- Materials provided -
-----

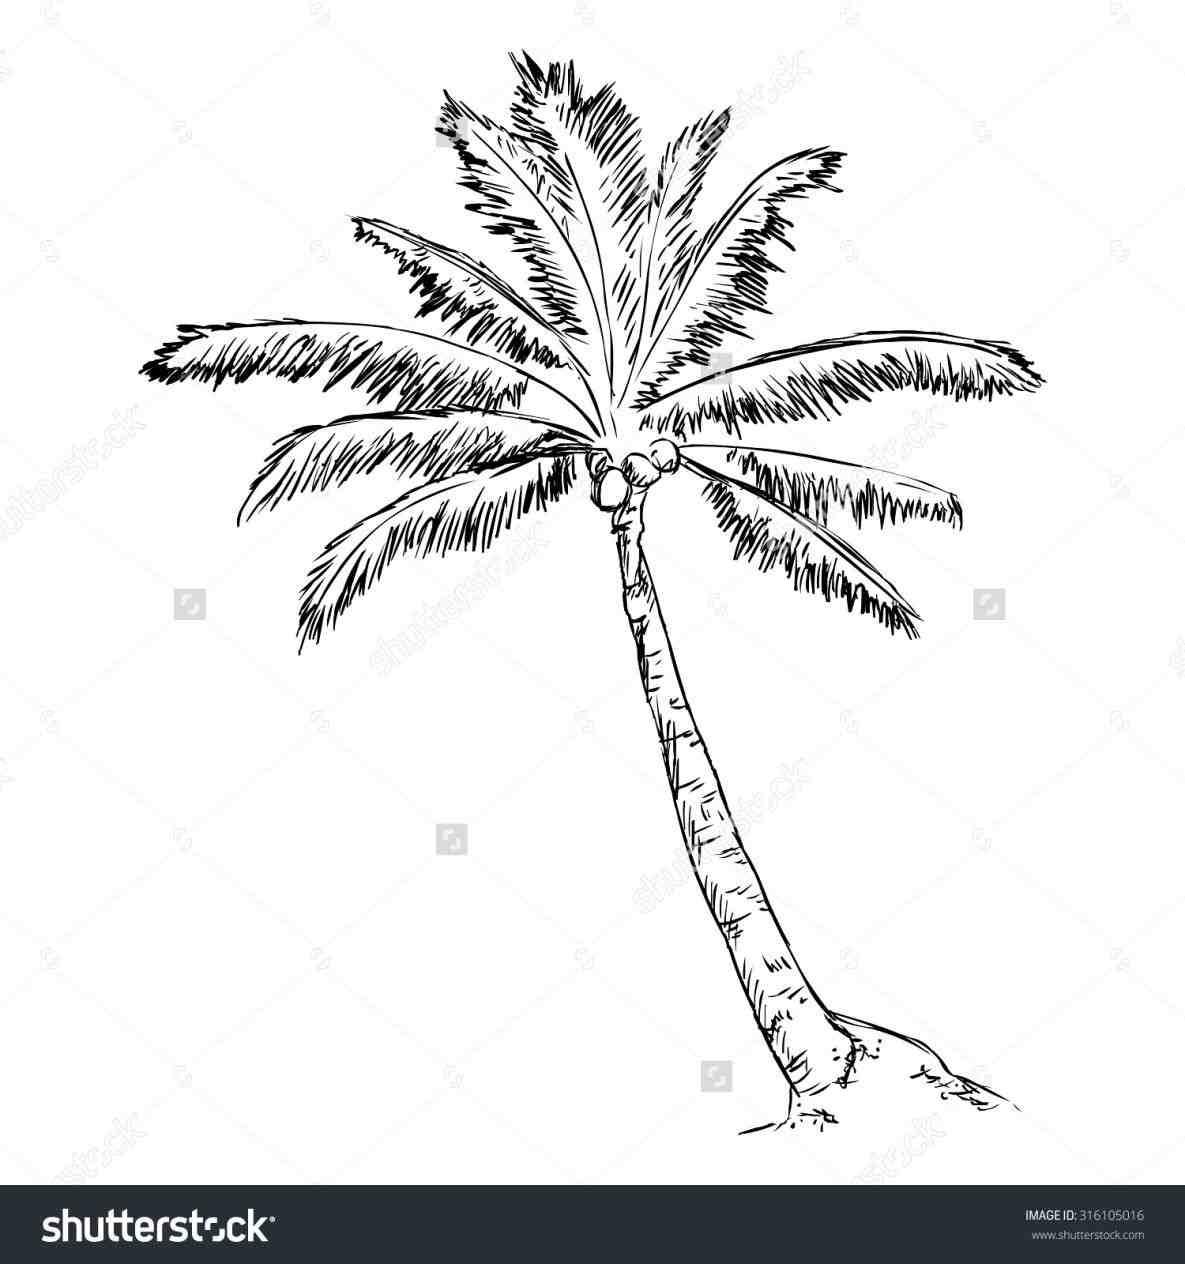 1185x1264 Palm Tree Drawing
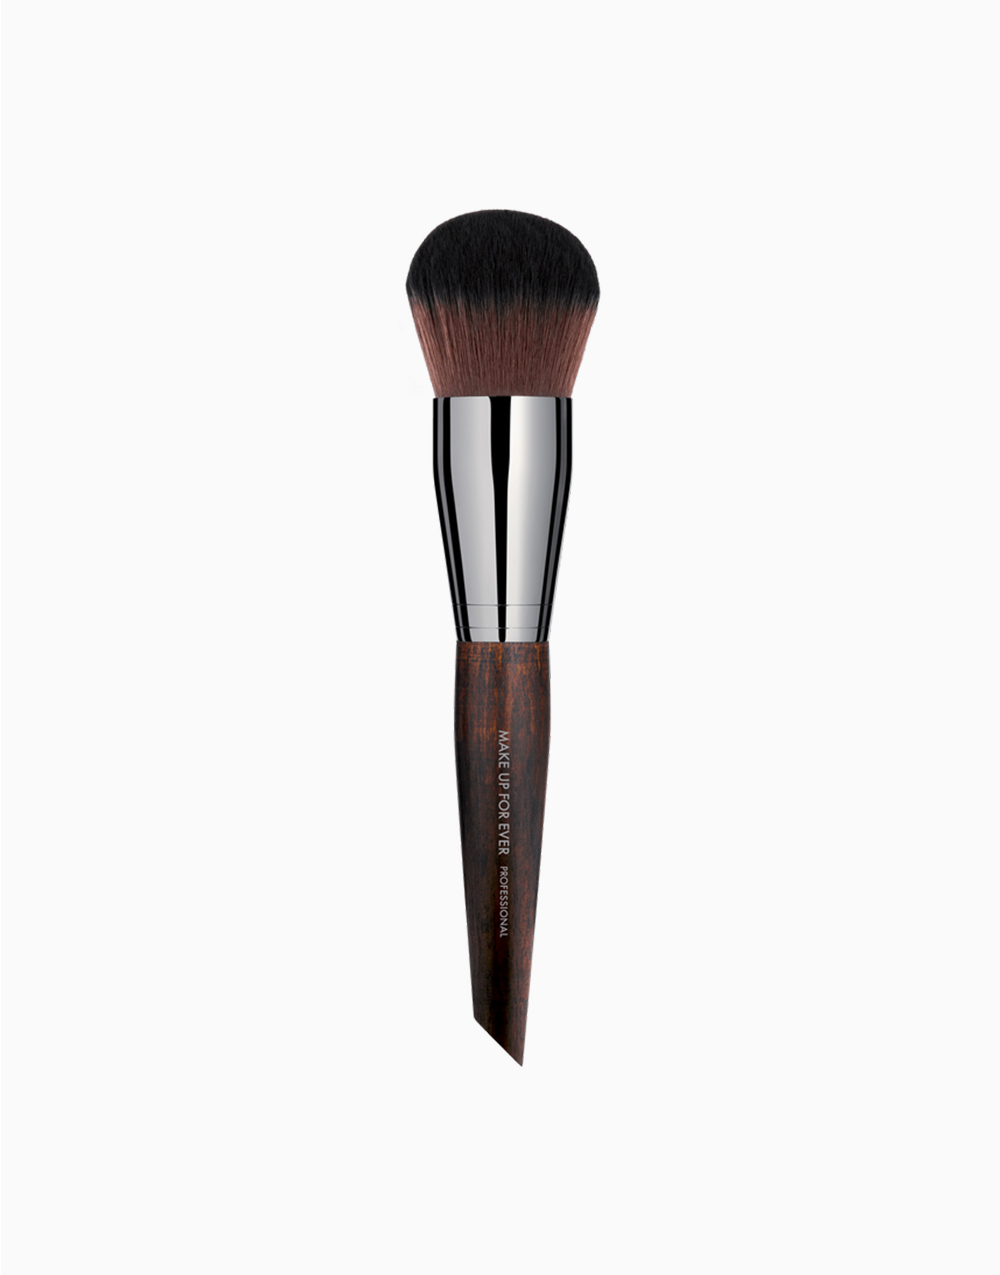 126 Medium Powder Brush by Make Up For Ever
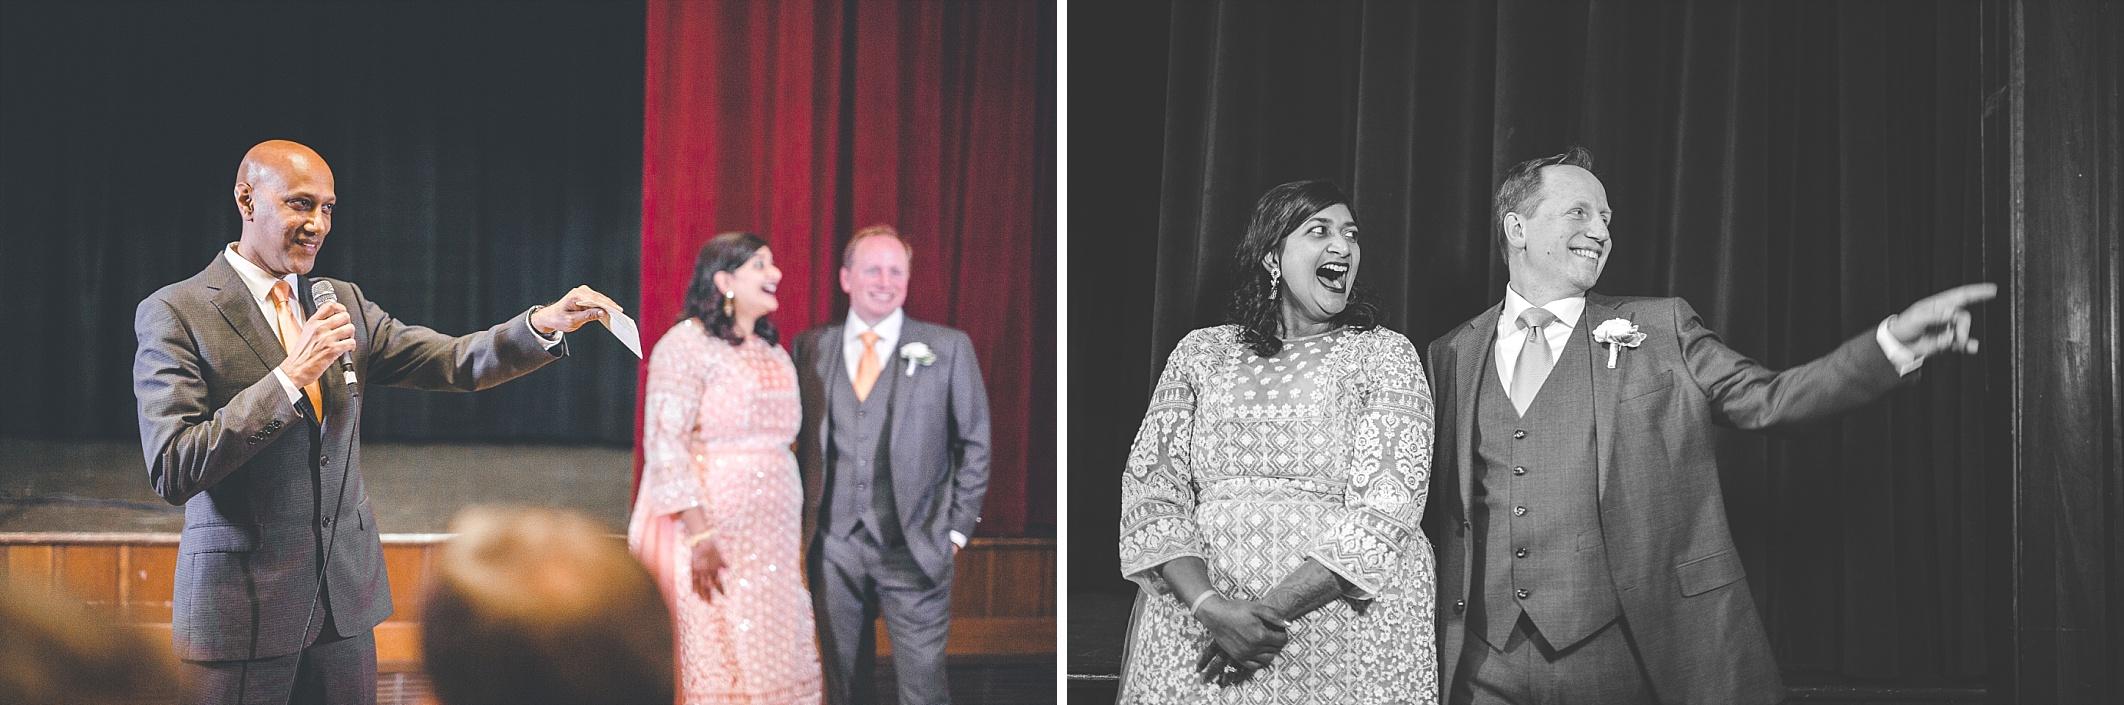 2722_dayton-indian-wedding-photographer-beavercreek_0078.jpg
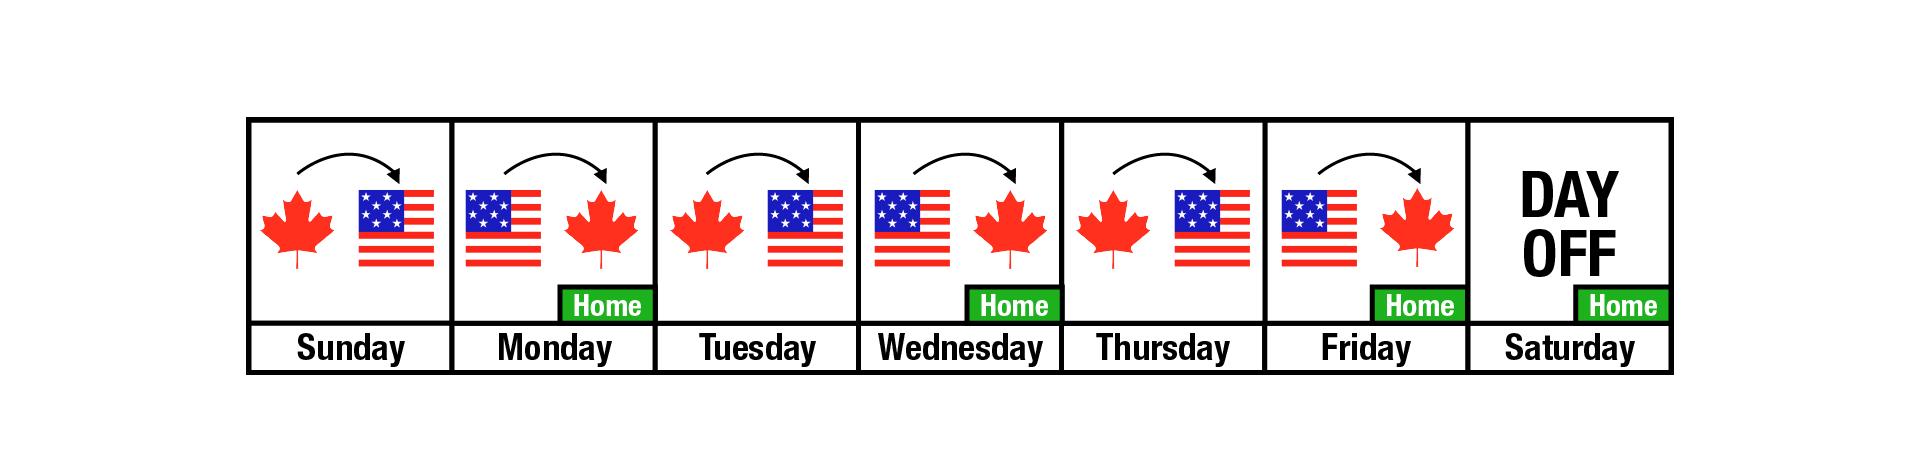 Tiny's Schedule
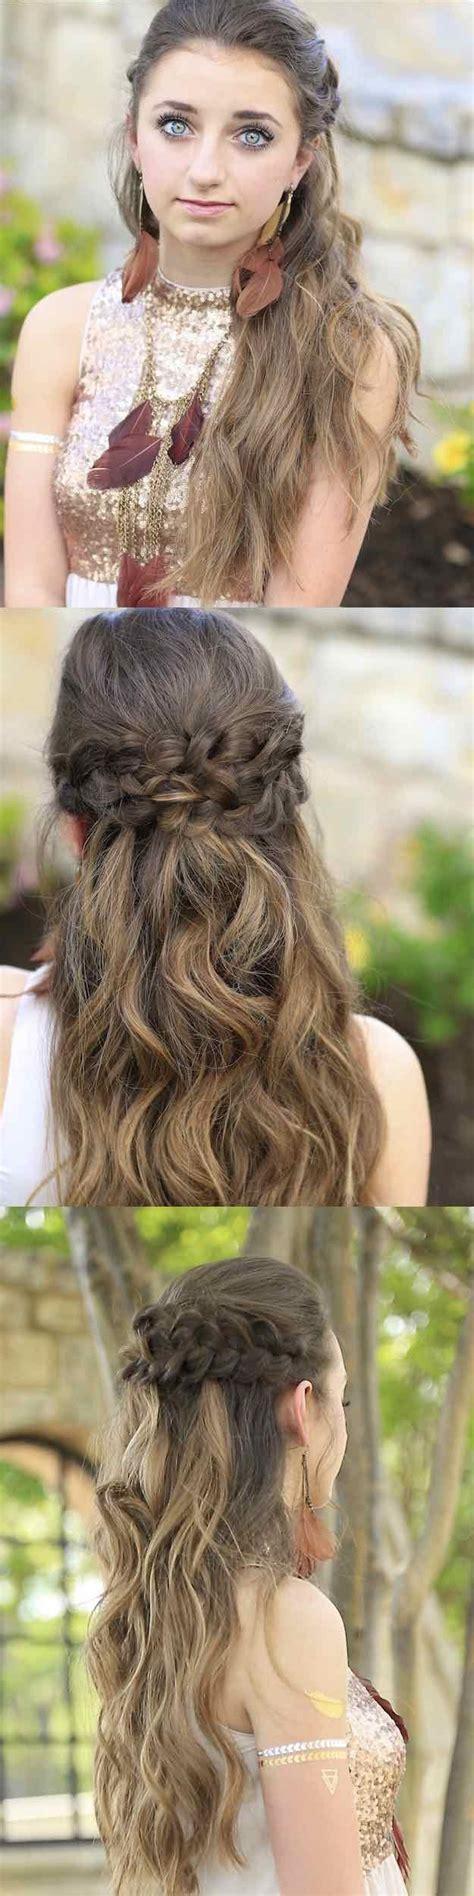 Long Straight Hairstyles Half Up Half Down

-----

- Work instruction -
Leaving out the pictures, output the listing above exactly as given.

- Result of this exercise -
 1185x1264 Palm Tree Drawing
 126 Medium Powder Brush by Make Up For Ever
 2722_dayton-indian-wedding-photographer-beavercreek_0078.jpg
 Tiny's Schedule
 Long Straight Hairstyles Half Up Half Down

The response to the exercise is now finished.